_Try it_. Everything in the listing should be transcribed exactly, apart from the pictures.

_Dataset excerpt_.
· · · · · · ·

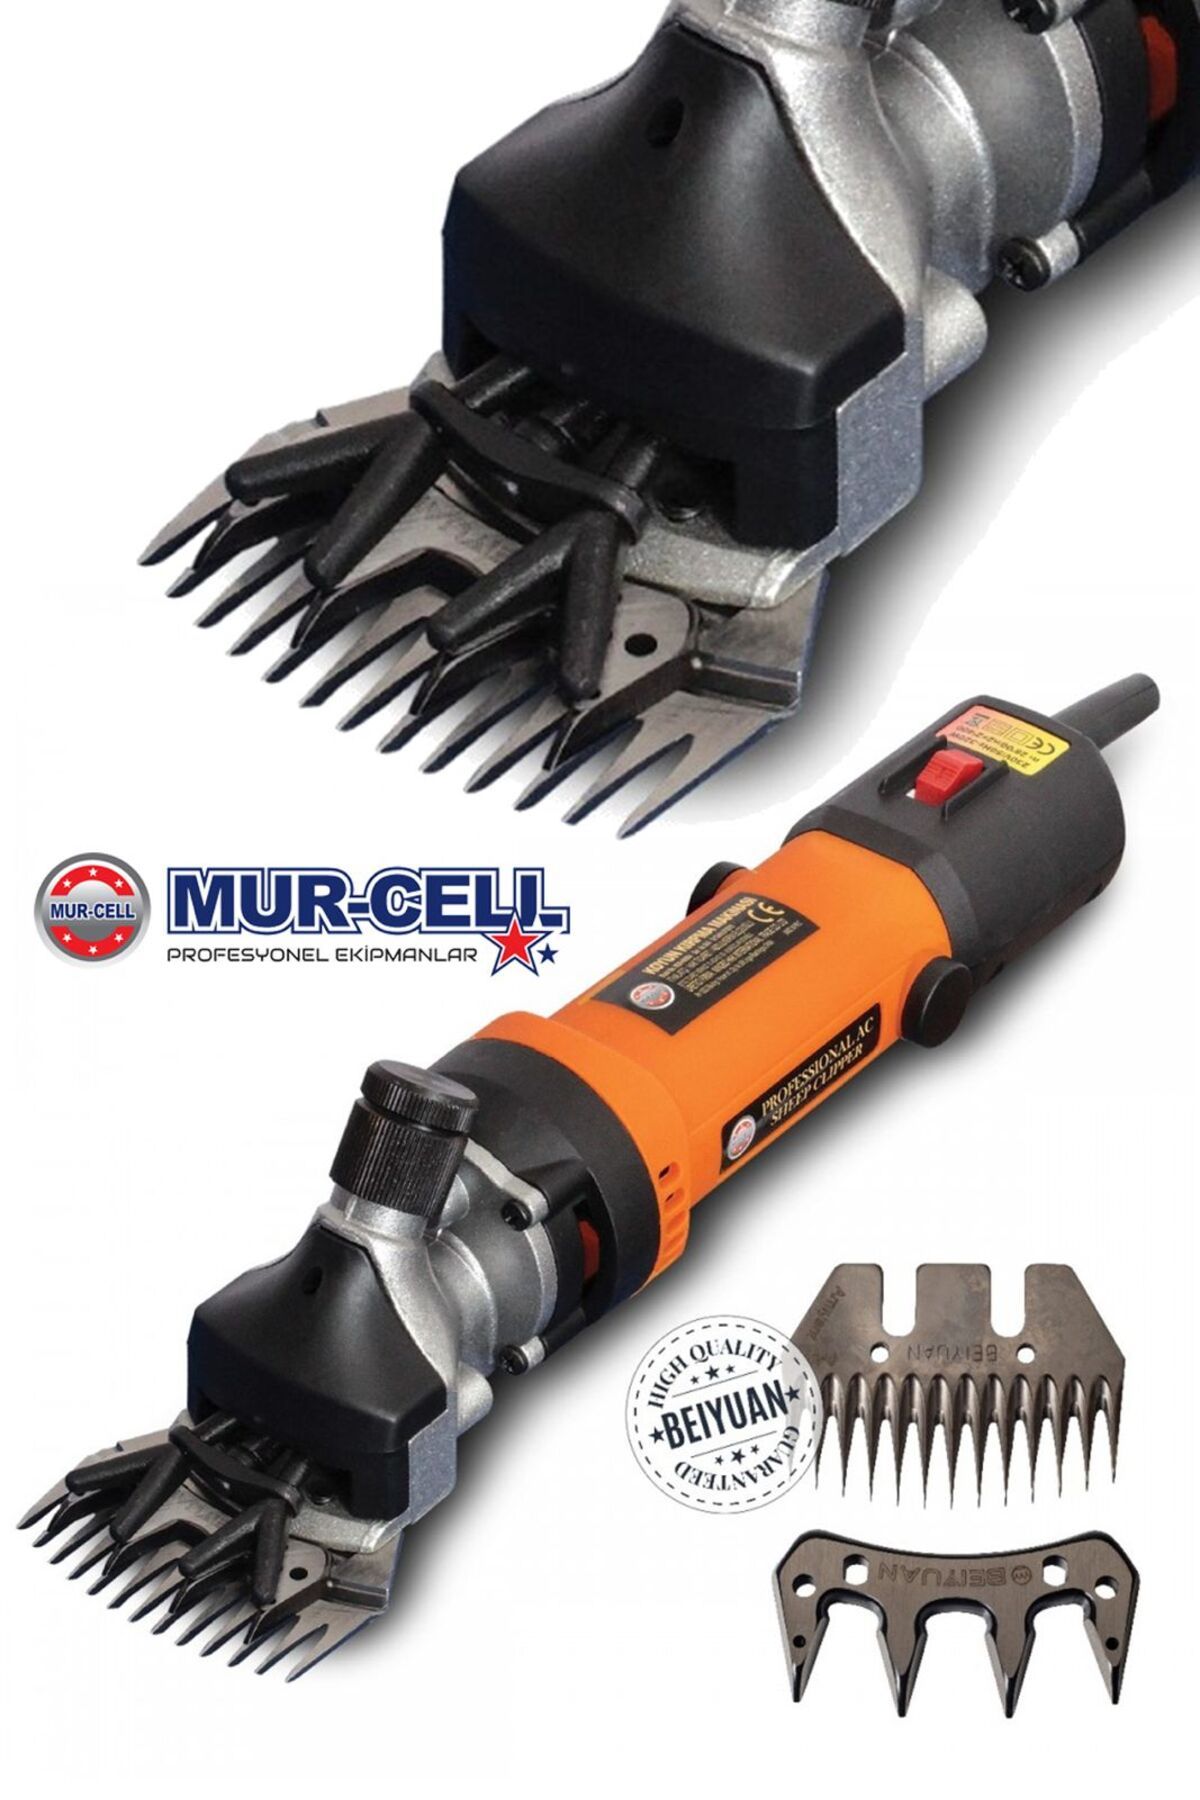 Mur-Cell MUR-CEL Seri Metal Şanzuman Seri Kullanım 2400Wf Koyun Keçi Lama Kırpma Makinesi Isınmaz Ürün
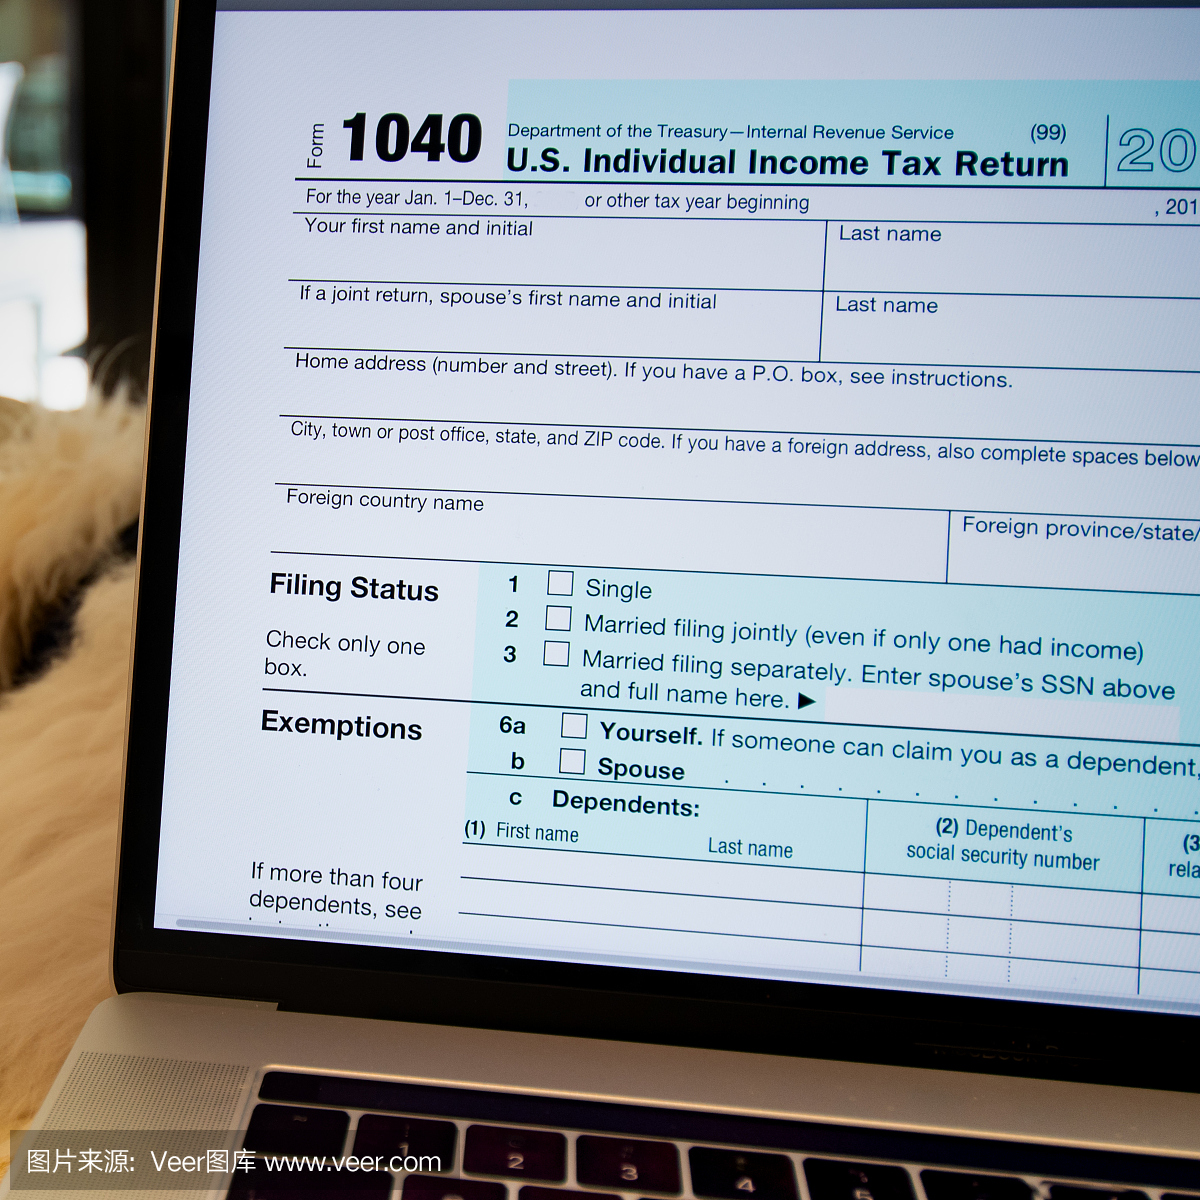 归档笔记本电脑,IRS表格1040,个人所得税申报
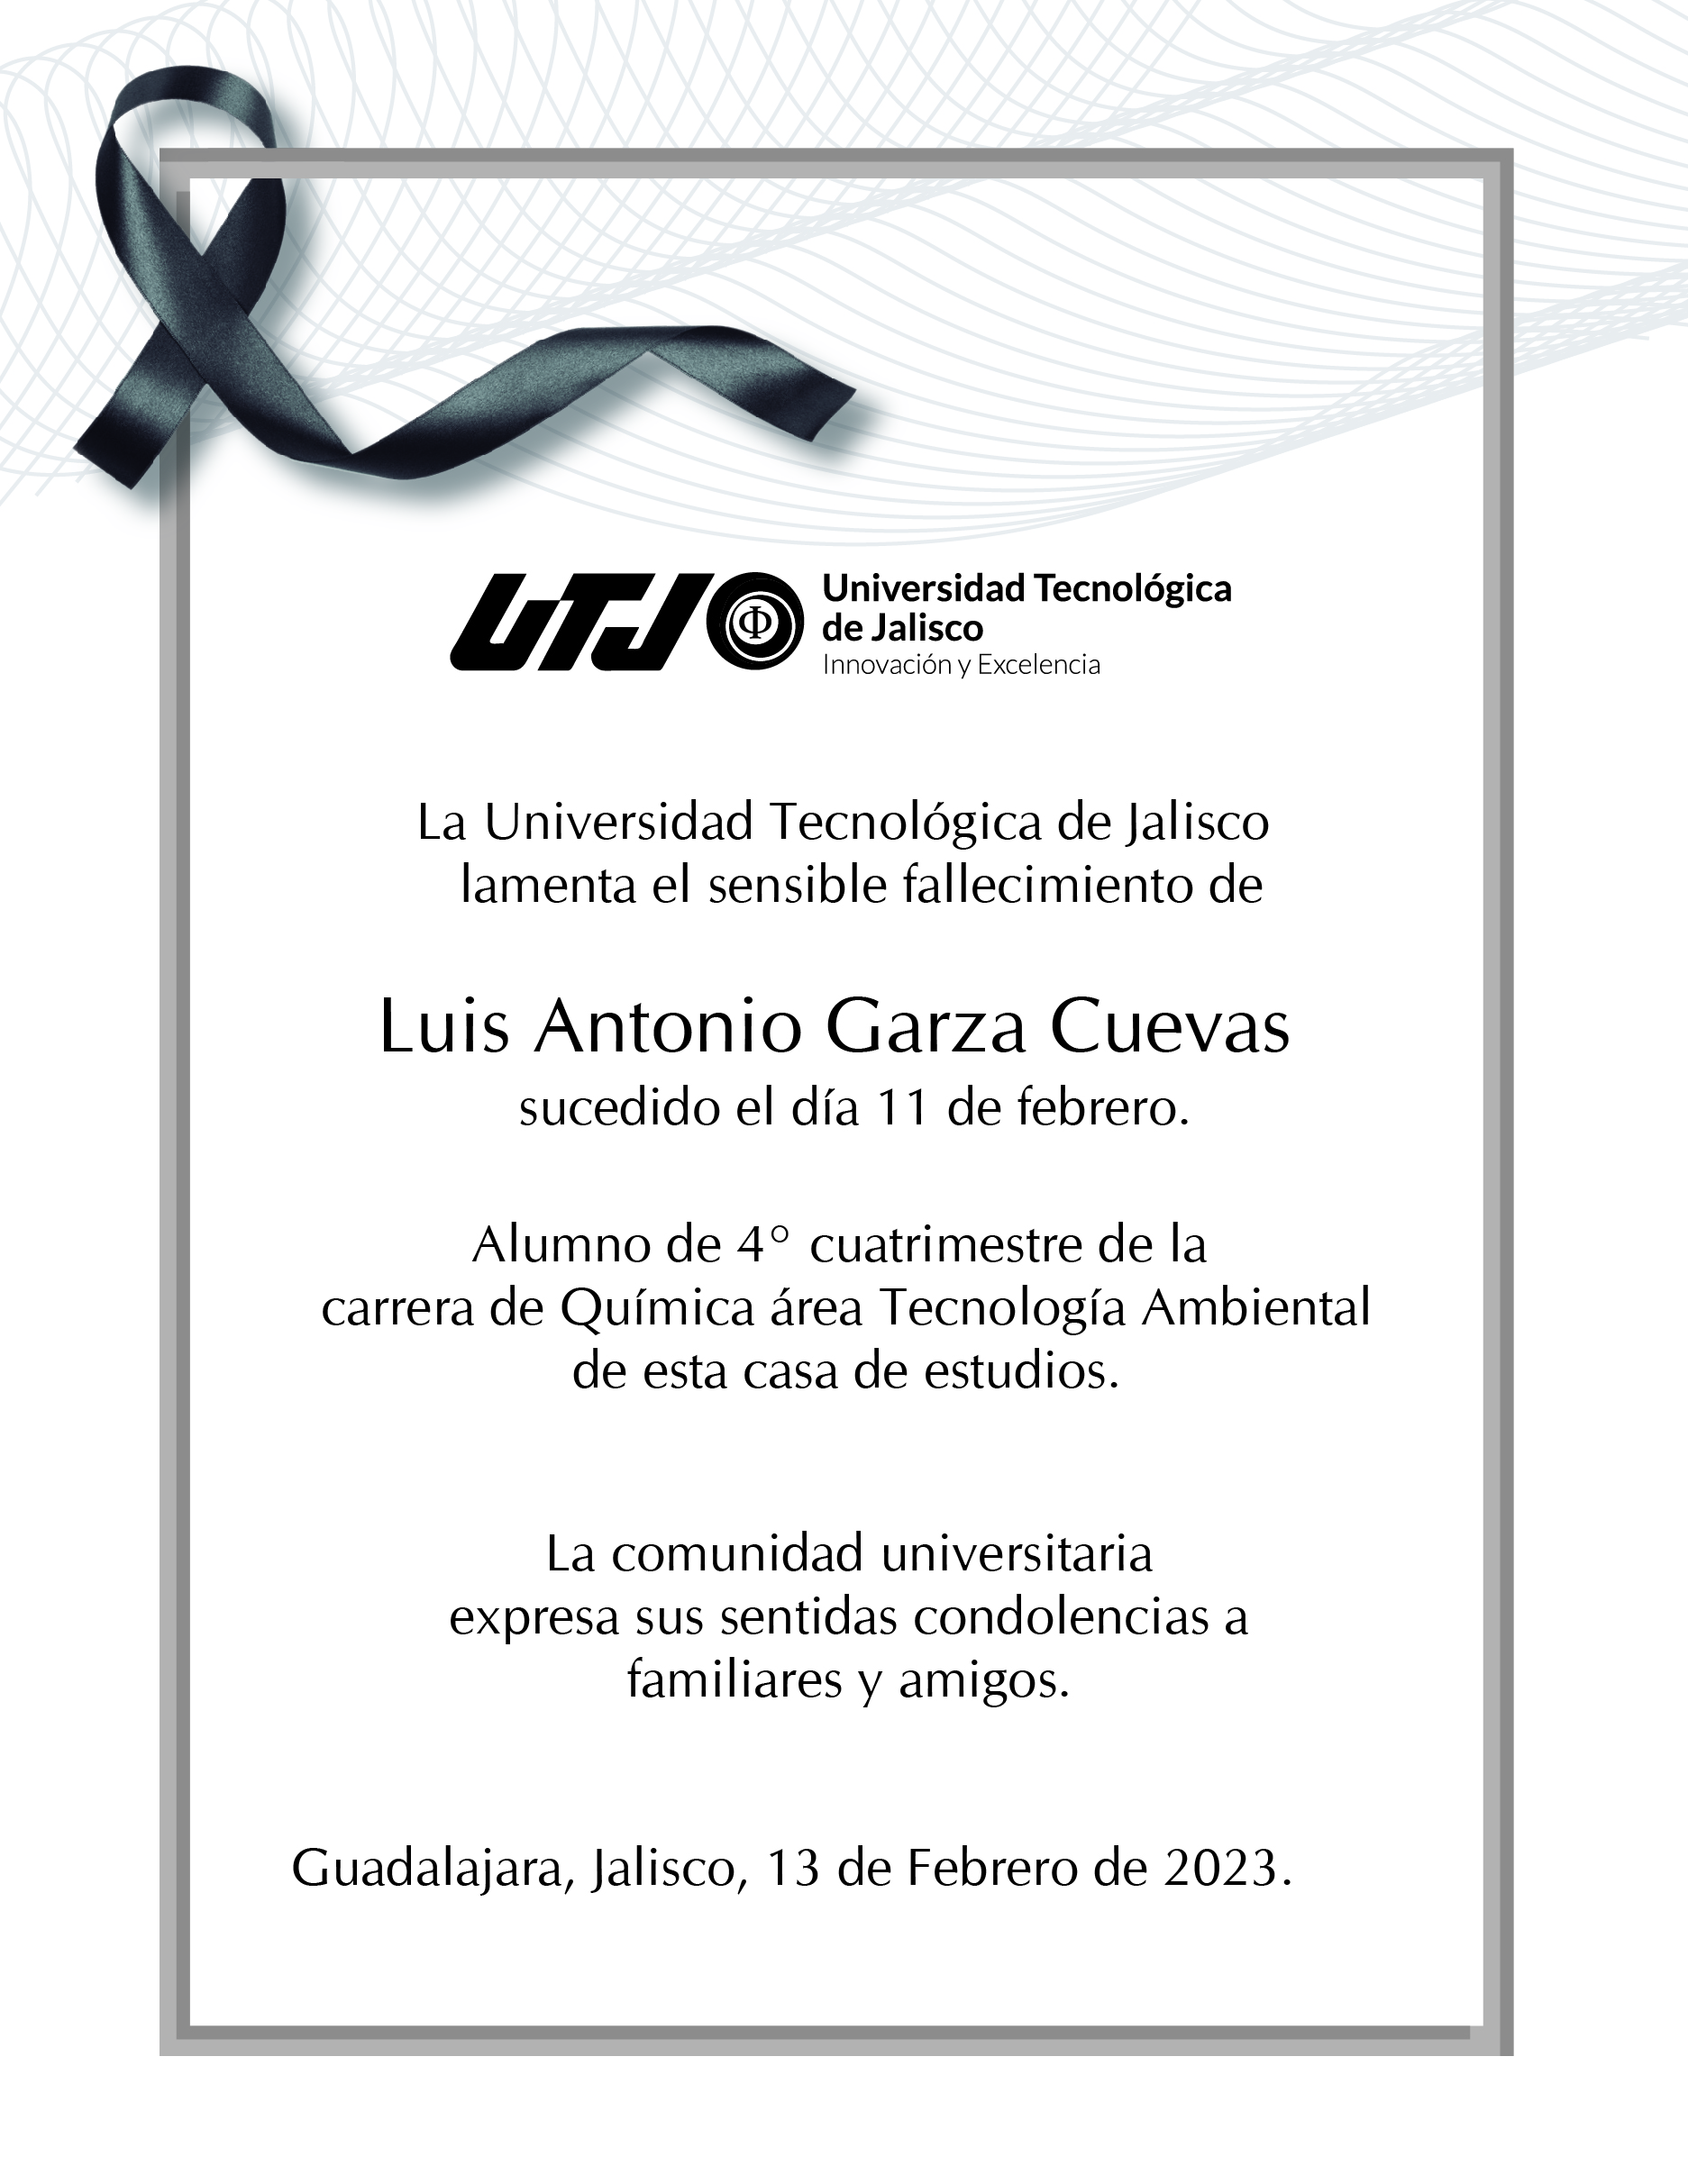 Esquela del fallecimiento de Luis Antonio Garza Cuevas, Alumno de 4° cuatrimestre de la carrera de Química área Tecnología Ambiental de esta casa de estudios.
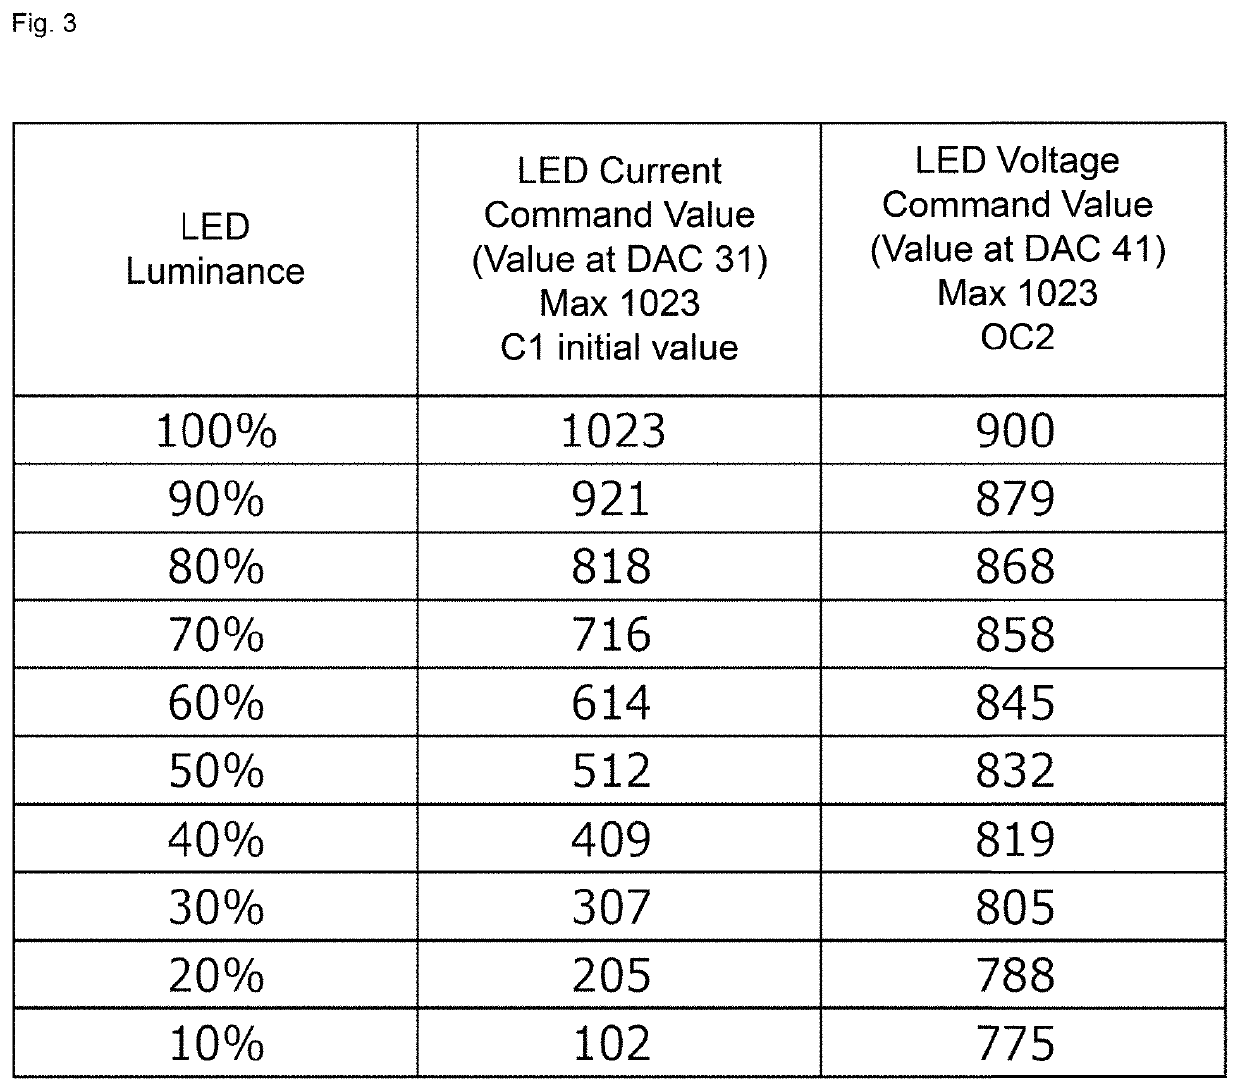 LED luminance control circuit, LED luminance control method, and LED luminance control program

· · · · · · ·

_Expected output_.
 Mur-Cell MUR-CEL Seri Metal Şanzuman Seri Kullanım 2400Wf Koyun Keçi Lama Kırpma Makinesi Isınmaz Ürün
 归档笔记本电脑,IRS表格1040,个人所得税申报
 Esquela del fallecimiento de Luis Antonio Garza Cuevas, Alumno de 4° cuatrimestre de la carrera de Química área Tecnología Ambiental de esta casa de estudios.
 LED luminance control circuit, LED luminance control method, and LED luminance control program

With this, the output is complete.